Task objective.
Copy from the first line below down to and including the line with "Nike SB Dunk". Skip the pictures.

Dataset section.
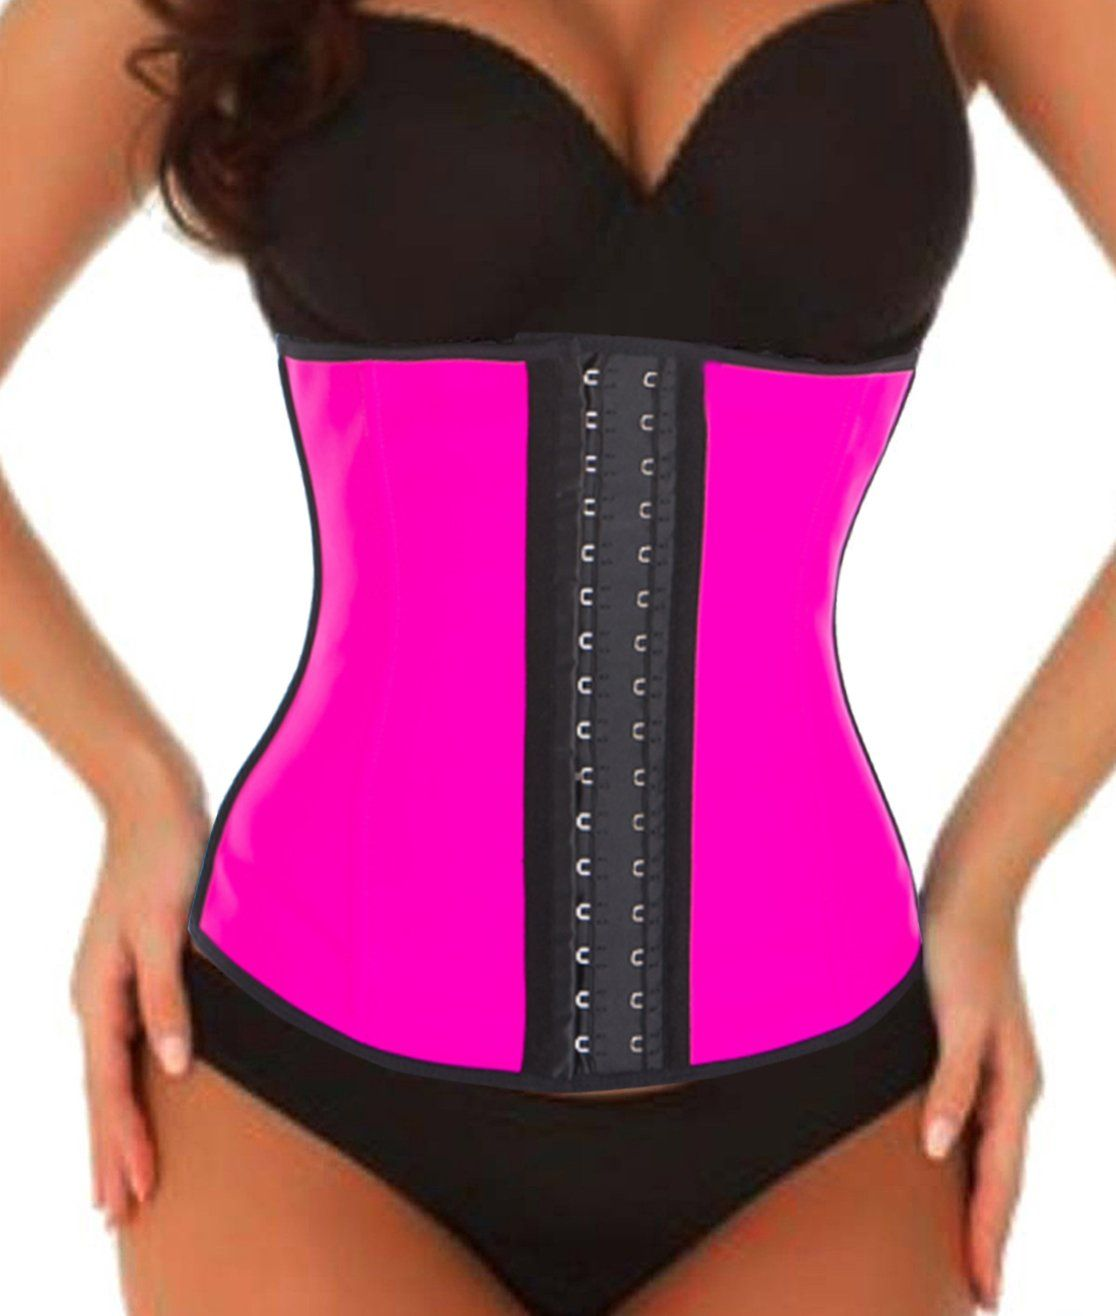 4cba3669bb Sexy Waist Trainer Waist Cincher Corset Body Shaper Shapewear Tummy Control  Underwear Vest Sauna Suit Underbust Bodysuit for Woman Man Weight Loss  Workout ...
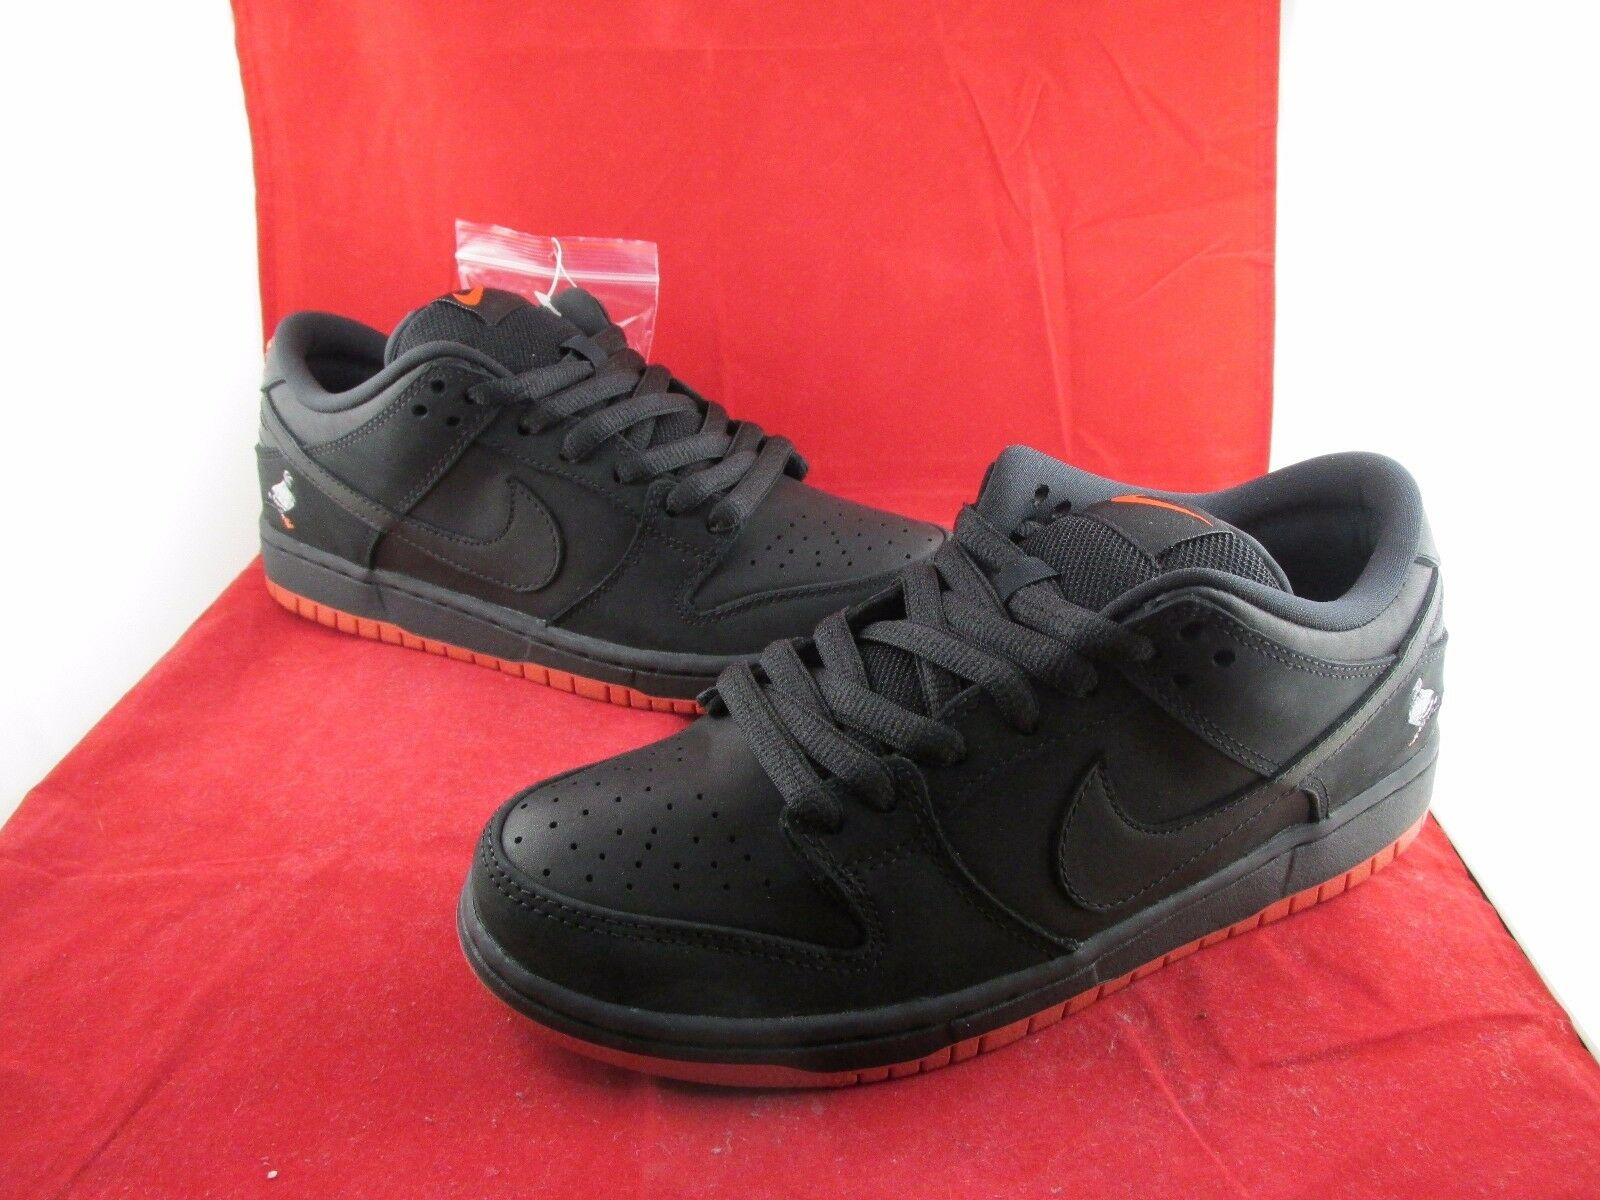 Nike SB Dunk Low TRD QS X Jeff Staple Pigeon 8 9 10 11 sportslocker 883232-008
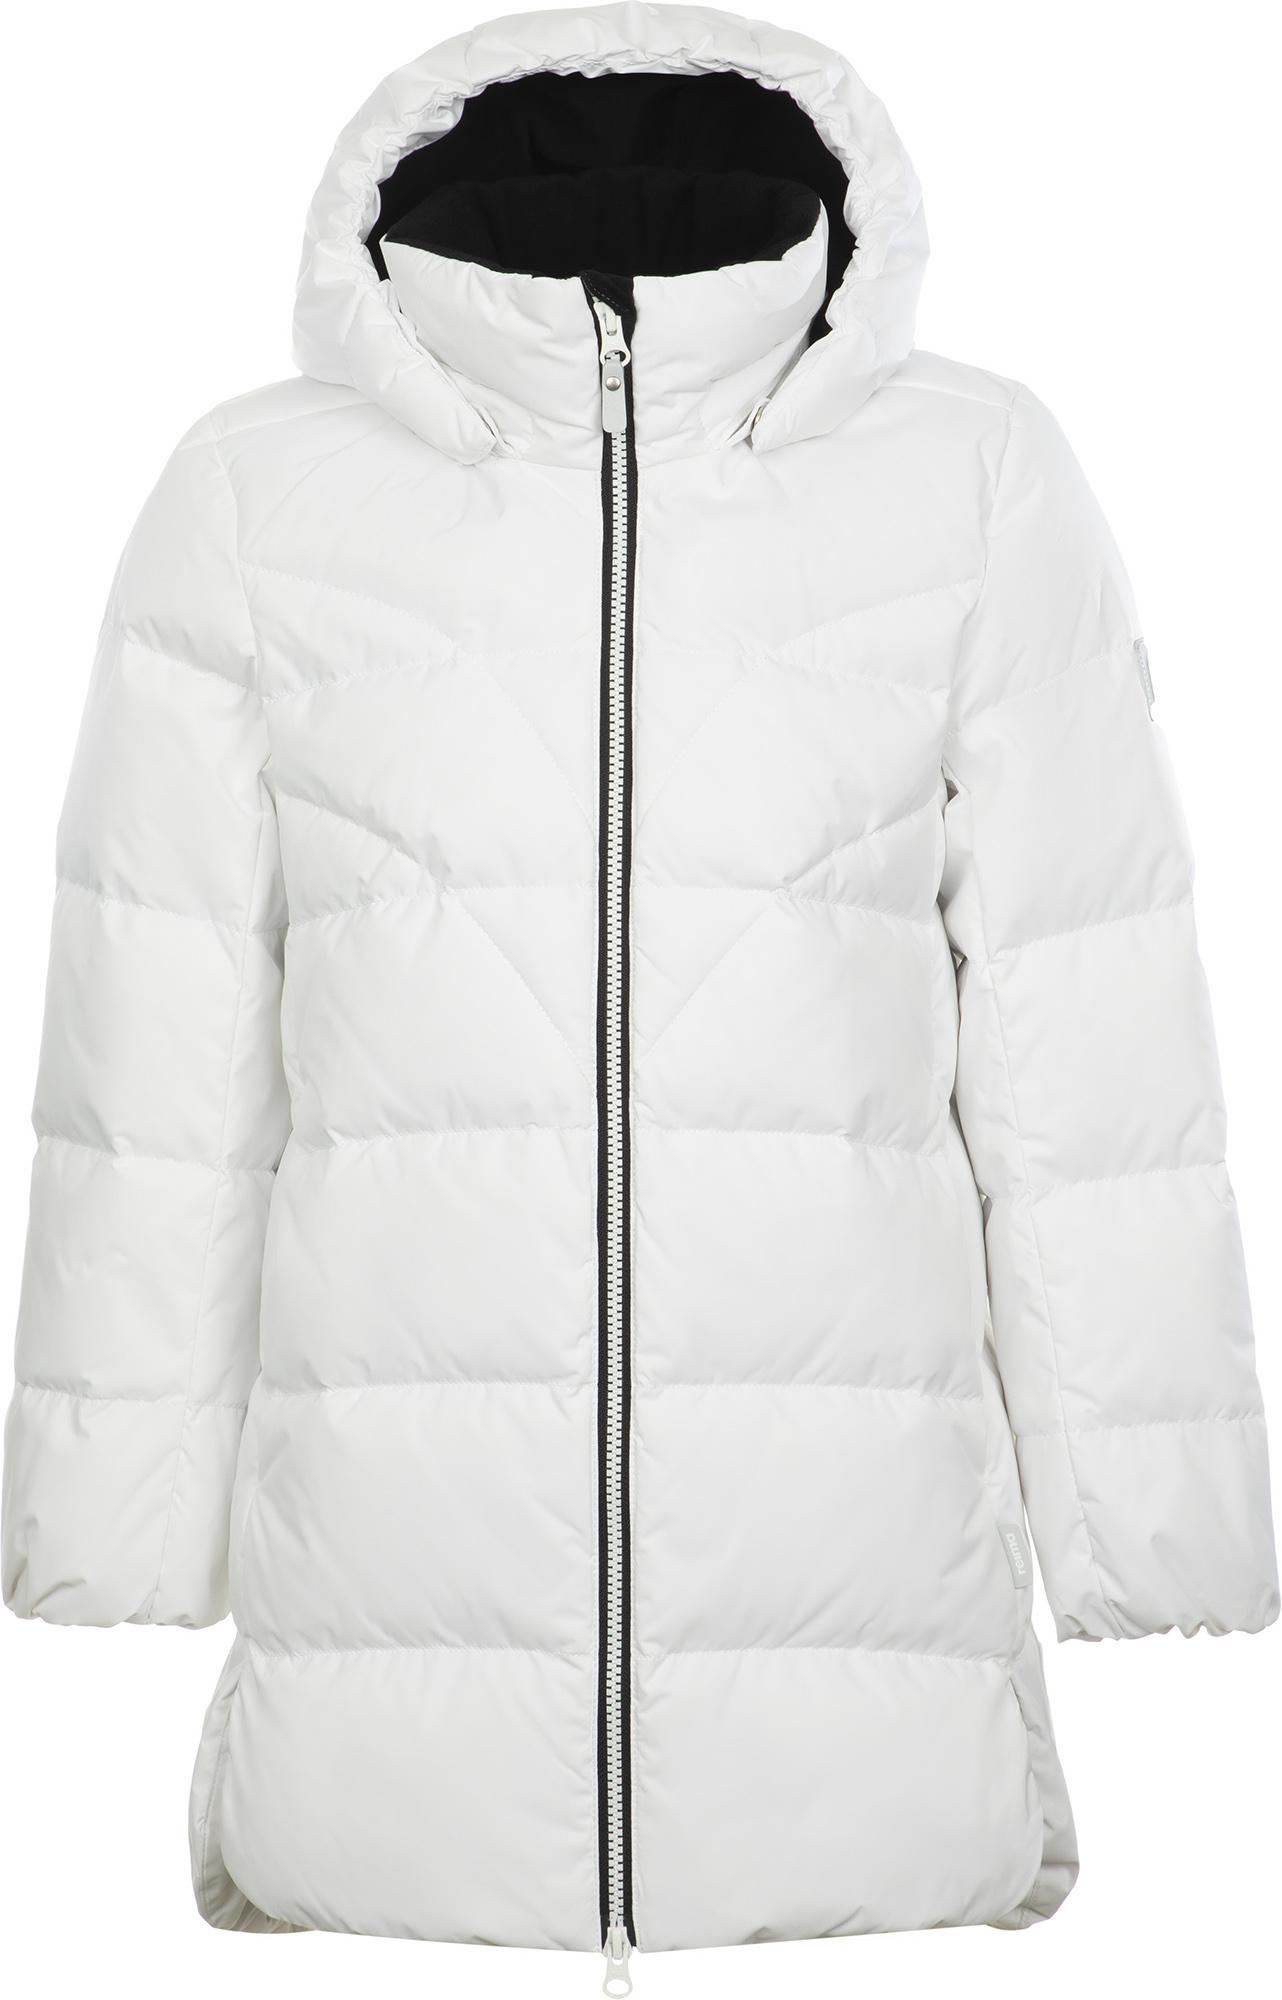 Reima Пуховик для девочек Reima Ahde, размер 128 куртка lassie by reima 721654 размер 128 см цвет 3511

Result.
 4cba3669bb Sexy Waist Trainer Waist Cincher Corset Body Shaper Shapewear Tummy Control  Underwear Vest Sauna Suit Underbust Bodysuit for Woman Man Weight Loss  Workout ...
 Nike SB Dunk Low TRD QS X Jeff Staple Pigeon 8 9 10 11 sportslocker 883232-008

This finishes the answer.